▶ _DATA SHOWN_:
----------------------------------------

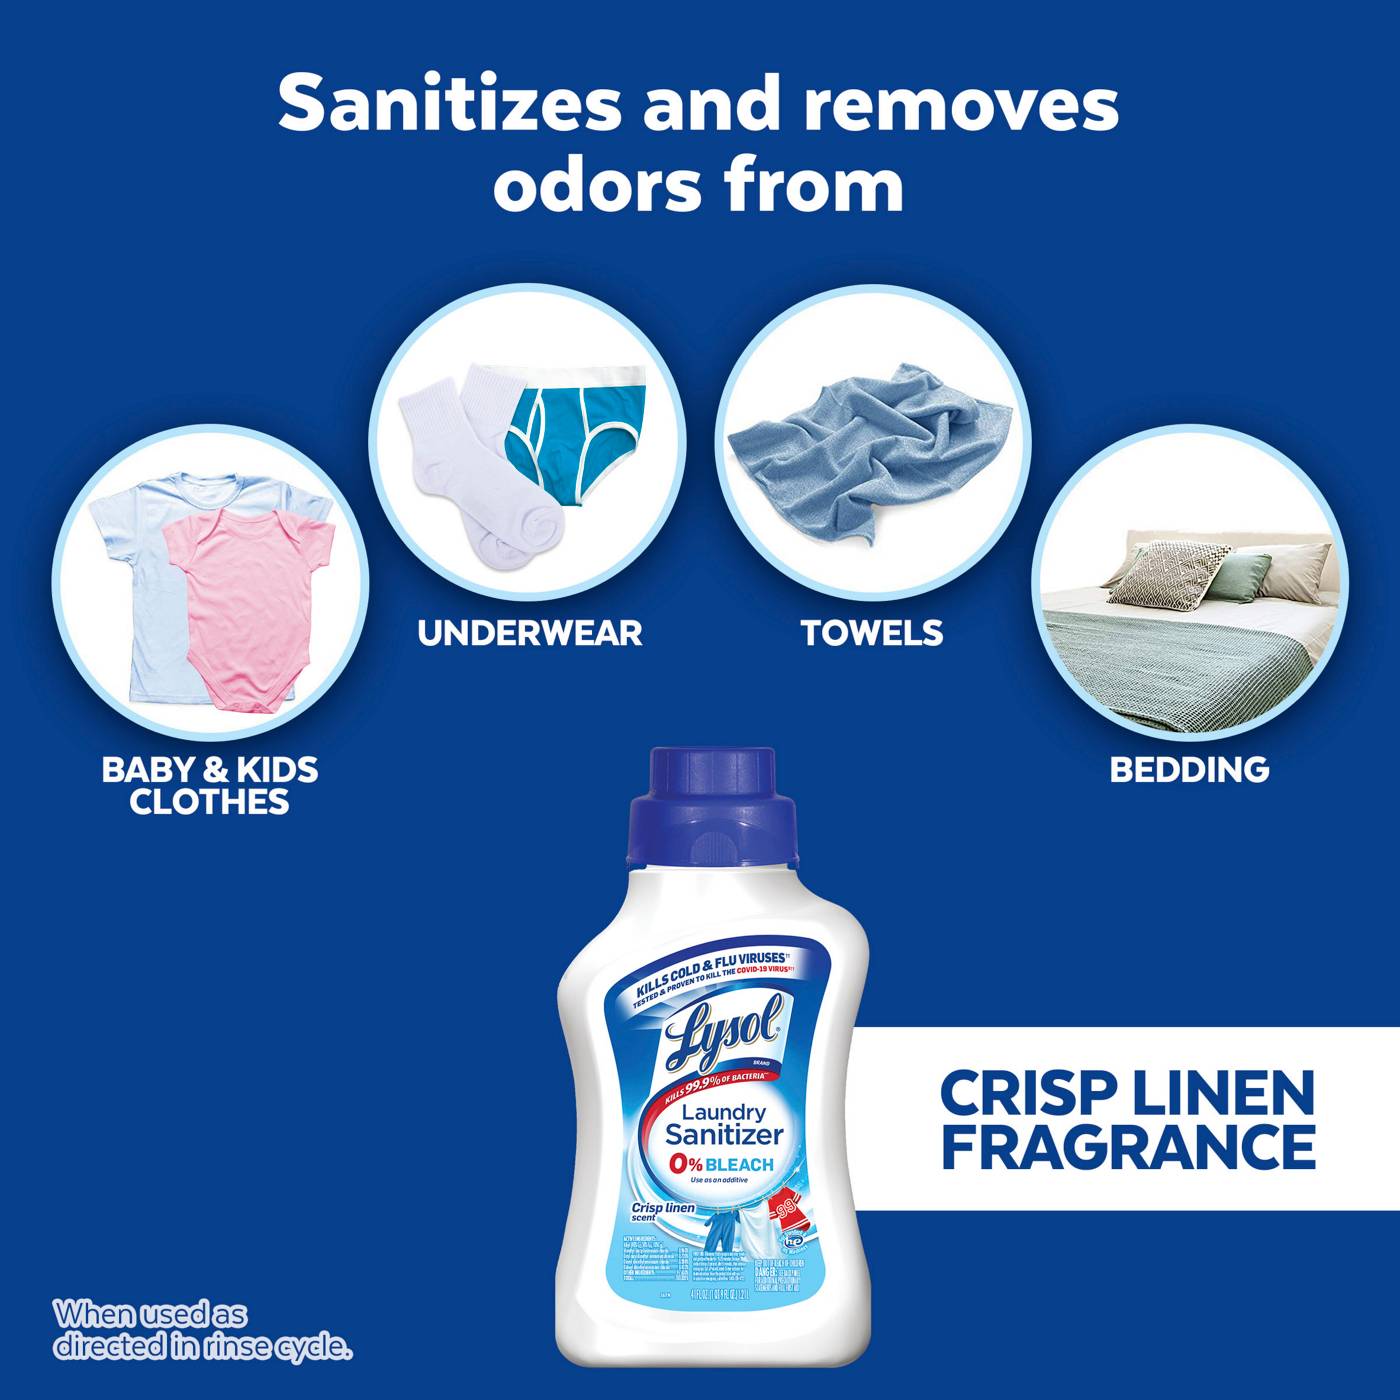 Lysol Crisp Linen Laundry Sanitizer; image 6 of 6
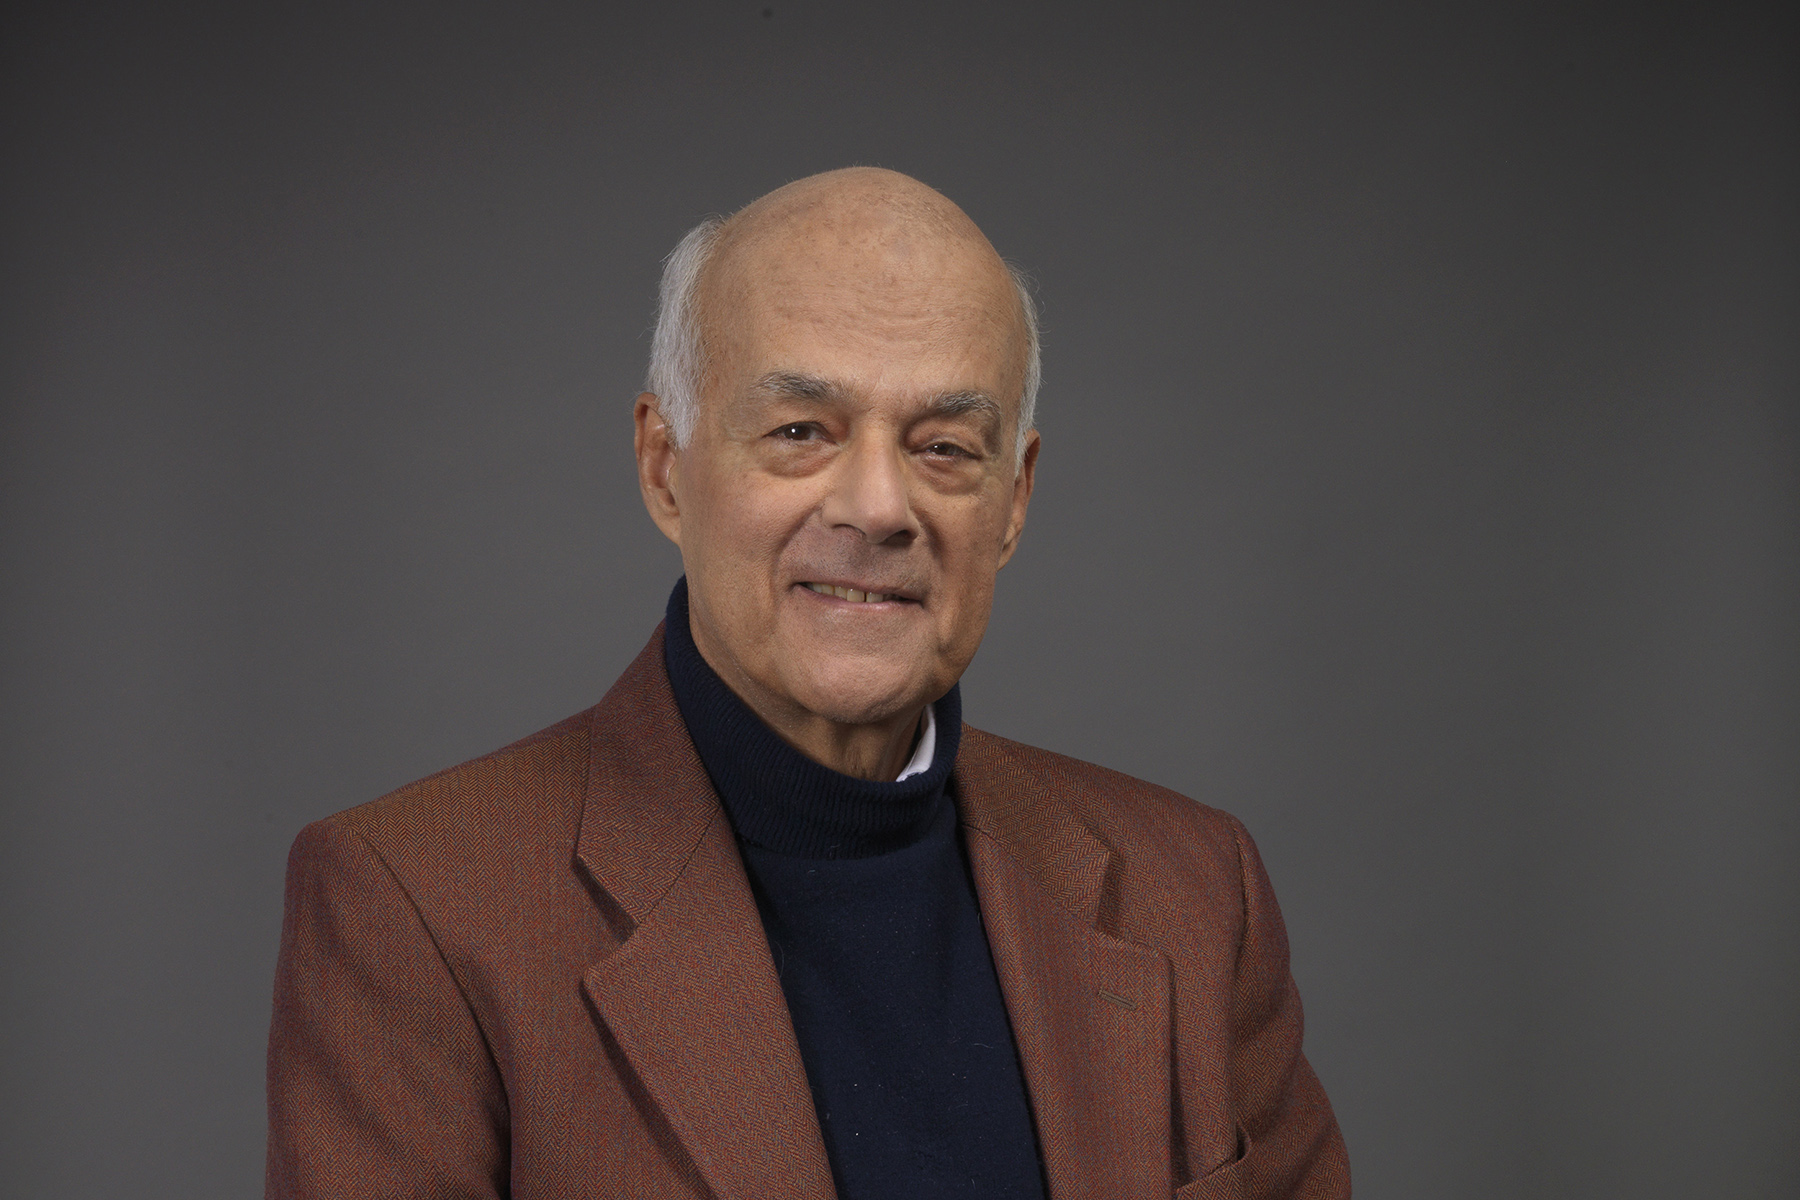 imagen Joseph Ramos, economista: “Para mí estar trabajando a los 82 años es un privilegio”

----------------------------------------

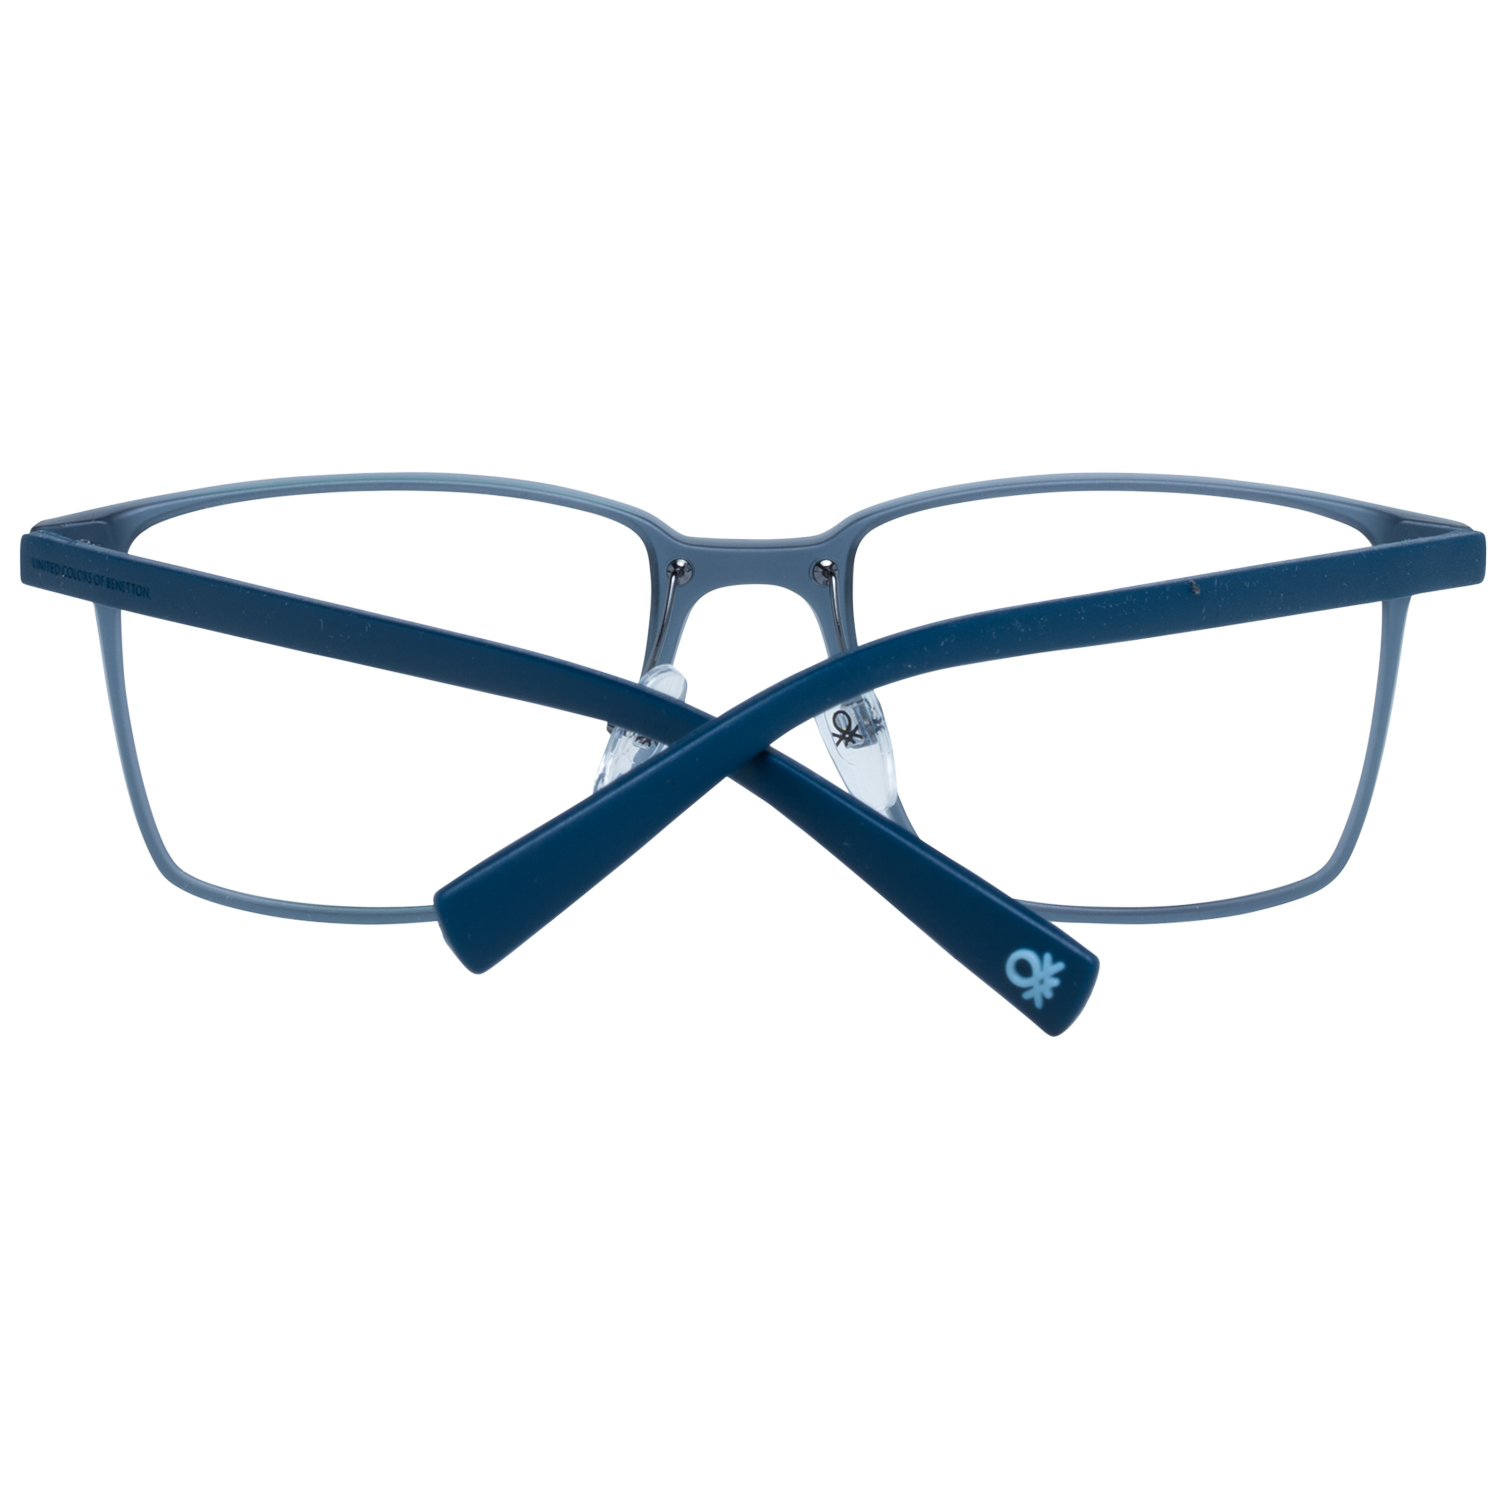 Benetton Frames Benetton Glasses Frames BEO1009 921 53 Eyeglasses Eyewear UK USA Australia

----------------------------------------

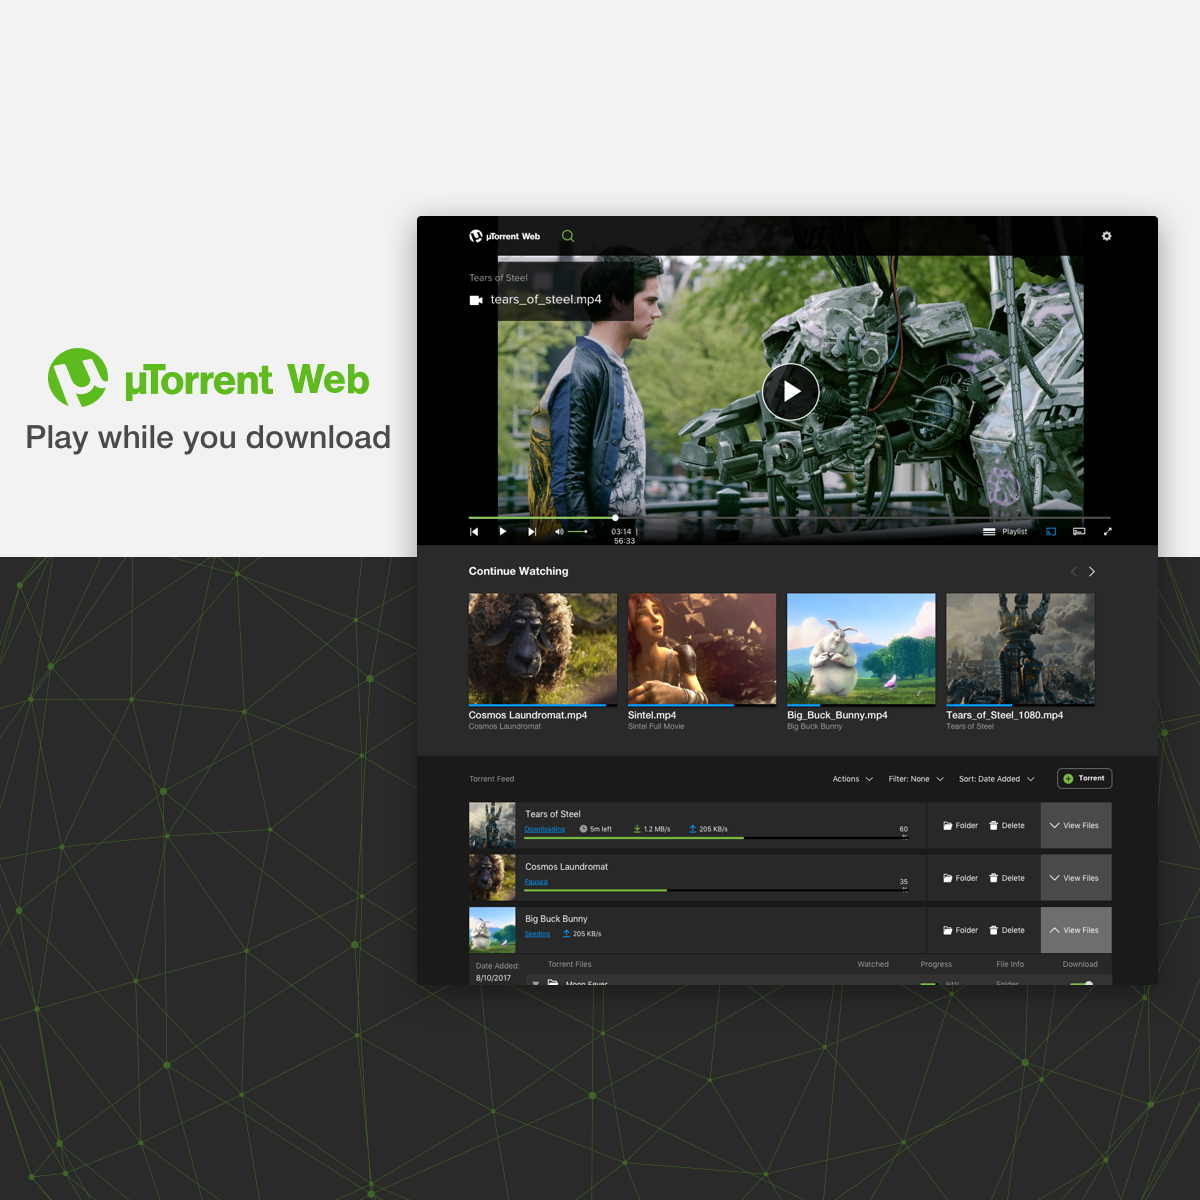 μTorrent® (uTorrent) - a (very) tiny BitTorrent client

----------------------------------------

Print nothing except the lines above from the one containing "Lysol Crisp Linen" down to the one containing "mí estar trabajando", both included, exactly as written and free of pictures.

▶ _SOLUTION_:
 Lysol Crisp Linen Laundry Sanitizer; image 6 of 6
 imagen Joseph Ramos, economista: “Para mí estar trabajando a los 82 años es un privilegio”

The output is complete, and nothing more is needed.